Let’s say that we know that our range of SO_Detail is 1 through 9. In that case, we can use a formula like the following to prepend exactly the right number of leading zeroes (each is shown for the number 9).

SELECT RIGHT(10+9, 1), RIGHT(100+9, 2), RIGHT(1000+9, 3);

-- Results:
9     09   009

The numbers 10, 100 and 1000, as well as the 1, 2 and 3 can be derived directly from the results returned by the former query. Let’s put this all together.

WITH Tally(n) AS
(
    SELECT TOP 100 ROW_NUMBER() OVER (ORDER BY (SELECT NULL))
    FROM (VALUES(0),(0),(0),(0),(0),(0),(0),(0),(0),(0)) a(b)
    CROSS JOIN(VALUES(0),(0),(0),(0),(0),(0),(0),(0),(0),(0)) b(c)
)
SELECT n, RIGHT(POWER(10, 1+FLOOR(LOG10(m))) + n, 1+FLOOR(LOG10(m)))
FROM
(
    SELECT n, m=MAX(n) OVER (PARTITION BY NULL)
    FROM Tally
) a
WHERE n IN (1, 9, 10, 11, 99, 100);

-- Results:
1      001
9      009
10     010
11     011
99     099
100    100

You see, our new formula using RIGHT not only gets us character strings. It also prepends exactly the correct number of zeroes so that the new result is sortable directly on the resulting character string.

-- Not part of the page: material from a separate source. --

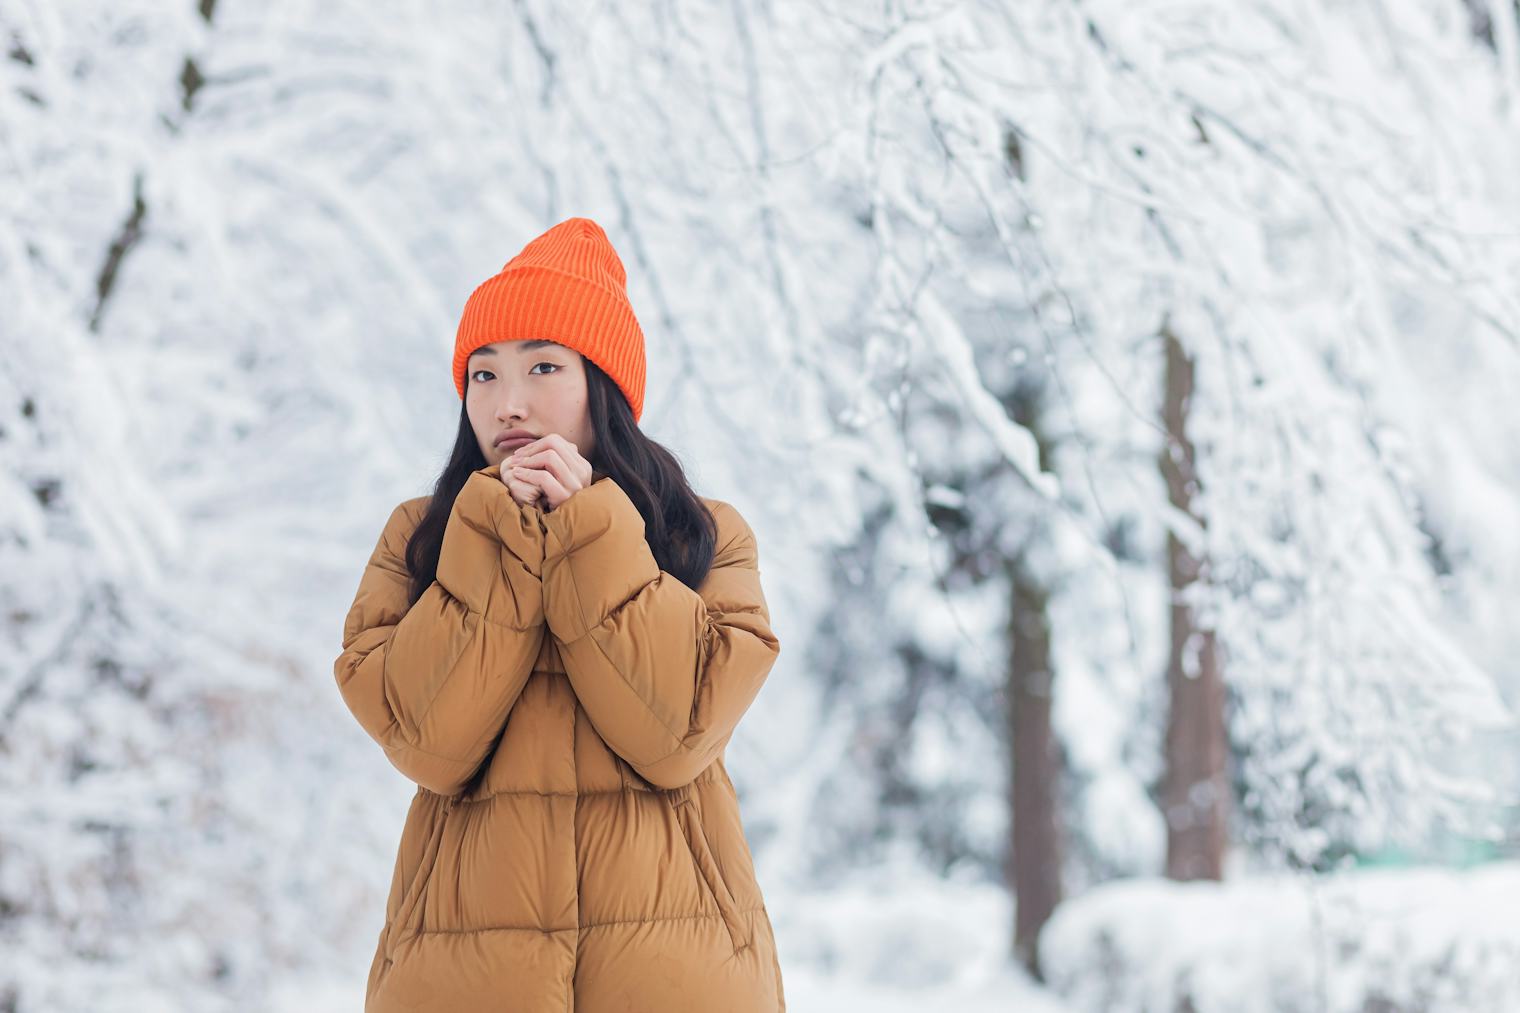 How To Stay Calm During The Holidays, According To Therapists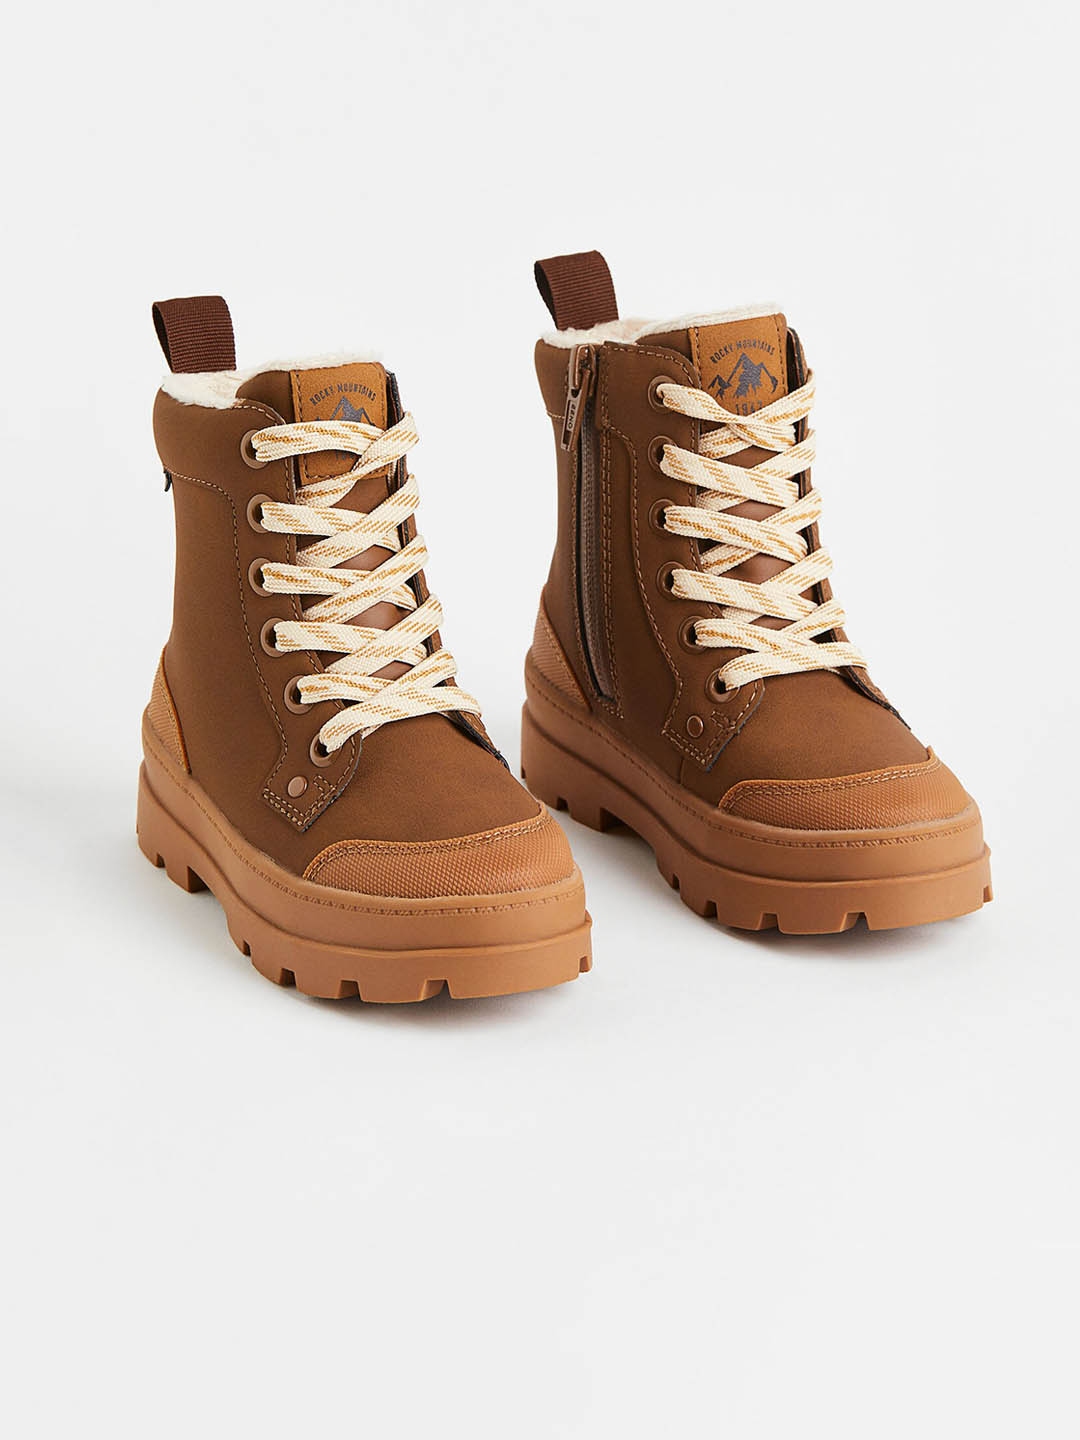 Buy H&M Girls Waterproof Boots - Boots for Girls 25452342 | Myntra

Let’s return to our SO Details table and see how we can apply this new formula to normalize our detail line numbers.

BEGIN TRANSACTION T1;

INSERT INTO #SO_Details
    (
        SO_Number, SO_Detail, Quantity, Price
    )
VALUES ('2013SO00001', '10', 2, 18.88);

WITH SO_Details AS
(
    SELECT SO_Number, SO_Detail, Quantity, Price
        ,m=MAX(CAST(SO_Detail AS INT)) OVER (PARTITION BY NULL)
    FROM #SO_Details
    WHERE SO_Number = '2013SO00001'
)
UPDATE SO_Details
SET SO_Detail = RIGHT(POWER(10, 1+FLOOR(LOG10(m))) + SO_Detail, 1+FLOOR(LOG10(m)));

SELECT *
FROM #SO_Details
ORDER BY SO_Number, SO_Detail;

ROLLBACK TRANSACTION T1;

-- Results:
SO_Number     SO_Detail  Quantity   Price   Extended_Price
2013SO00001   01         3          15.20   45.60
2013SO00001   02         3          9.40    28.20
2013SO00001   03         1          11.50   11.50
2013SO00001   04         2          11.55   23.10
2013SO00001   05         2          14.30   28.60
2013SO00001   06         10         13.32   133.20
2013SO00001   07         5          19.42   97.10
2013SO00001   08         6          10.15   60.90
2013SO00001   09         4          12.15   48.60
2013SO00001   10         2          18.88   37.76

Now our results are sorted as expected. Once again we have rolled back the transaction so we are left with only 9 rows in our #SO_Details table and single digit SO_Detail values.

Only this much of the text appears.